If Bell Witch were a slow gathering wispy wind, headliners Samothrace prove to be more of an oncoming storm. Their driving rock rhythms and crushing atmospherics slalom between vast valleys of noise and rocky mountain peaks of psychedelic remorse. Gigantic (and when I say “gigantic” try 20-odd minutes long!) opener ‘A Horse of Our Own’ breathes in the vast power of Year of No Light, passes it through the contemplative intelligentsia of Earth and colours it with the rich tapestries of Colour Haze before ramming it home with the type of up-in-your-face force that Acid King specialise in. The sound mix sadly is quite far from ideal and humble frontman Bryan Spinks’ vocals are so very distant that they fail to translate through the amp-wall, but his solos are evergreen and seep from the speakers like a yarn of silk from an over-productive worm. Giant drummer Joe Axler’s cymbals are so high off the floor and above his head that they’re practically sitting on Cloud City, but it’s his relentless percussion work (he pauses only to beg for someone to grab him a shot of tequila) that drives Samothrace endlessly forward.

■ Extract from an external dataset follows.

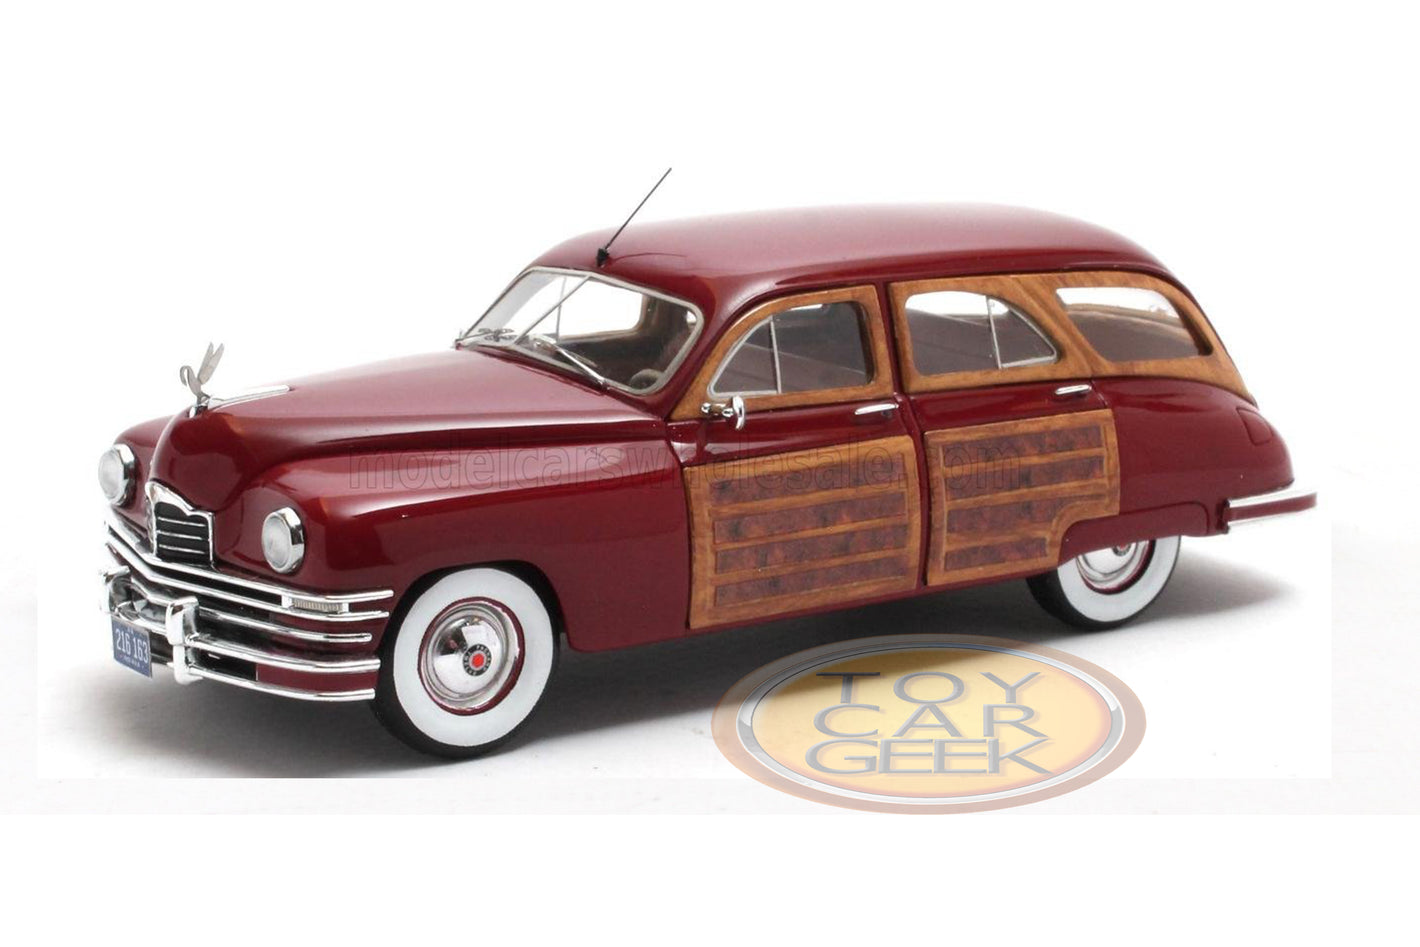 1948 Packard Eight Station Sedan - Red/Wood (Pre-Order)
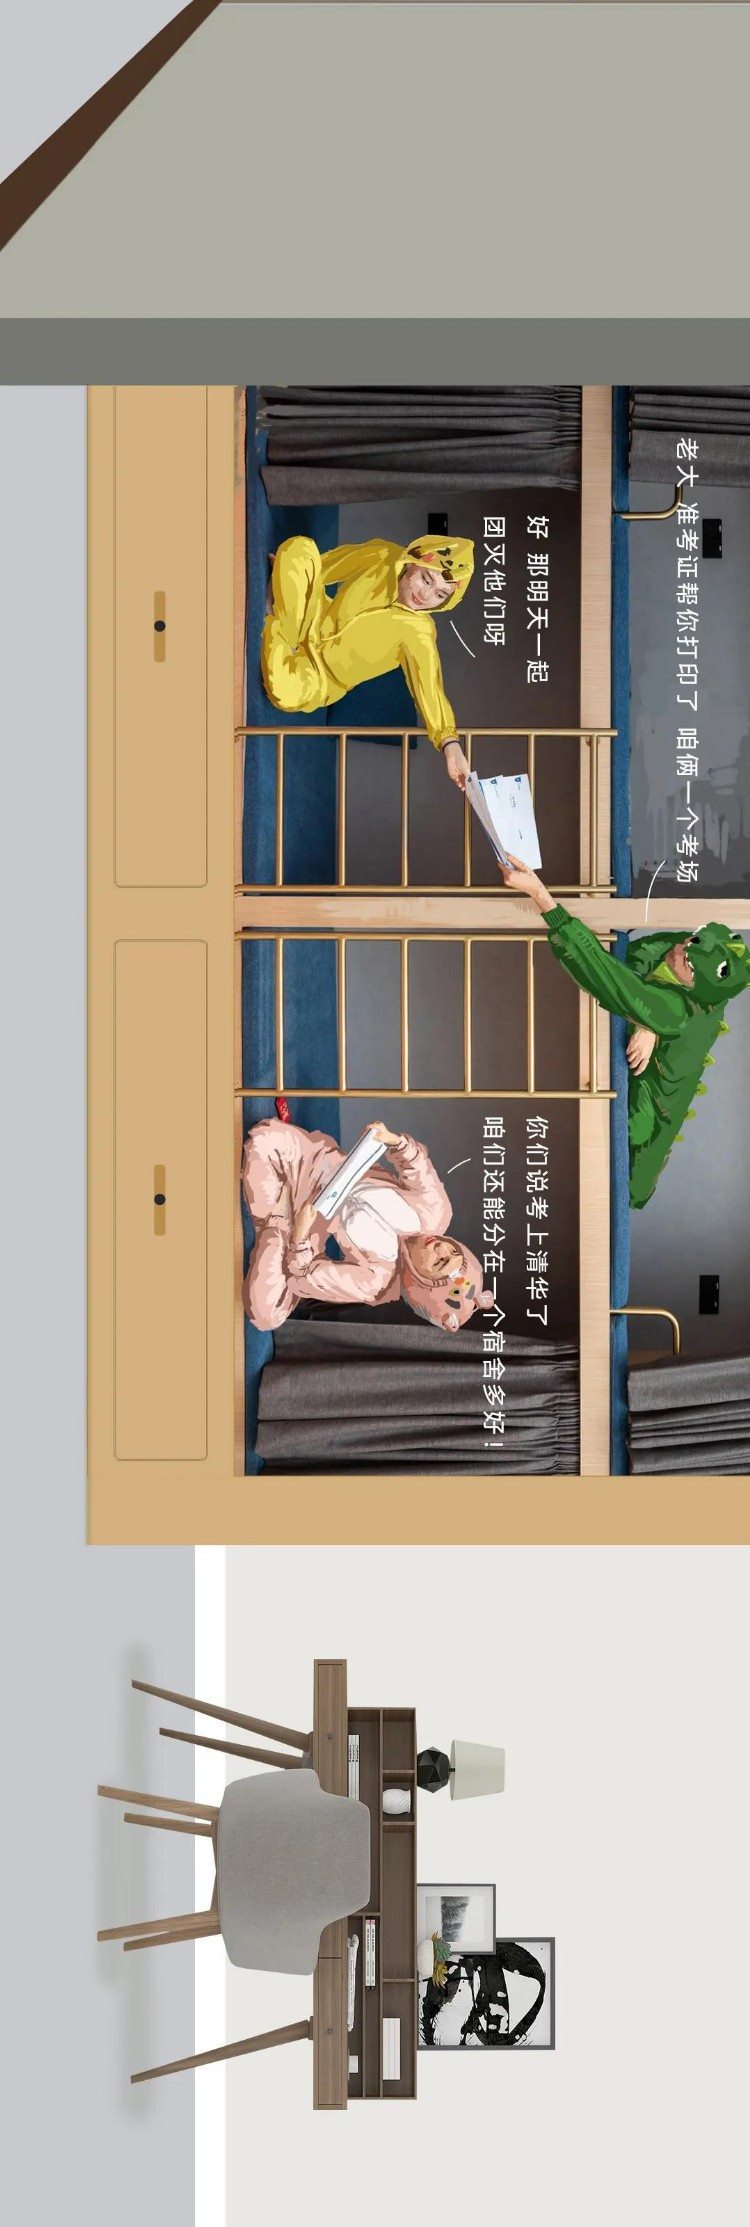 一张长图 曝光美术生集训震撼全过程「北京飙地画室」

Dylan Desmond pulls double-duty tonight on his six-string bass and provides a solid, yet versatile platform for guitarist Renata Castagna’s bluesy solos on a triumphant ‘Broken Hearts’. As the four-piece close out with the feedback-swallowed ‘When We Emerged’, their melodic riffs seem to speak more to the audience than the otherwise morose tone of the earlier bands of the evening and the small crowd’s applause is as warm as Spinks’ closing well-wishes and vote of thanks.
And so the storm of volume passes over once again providing yet another evening of great music in Birmingham. The caps-lock text on Renata Castagna’s beer koozie sums it up best: “Tune down, drink up”.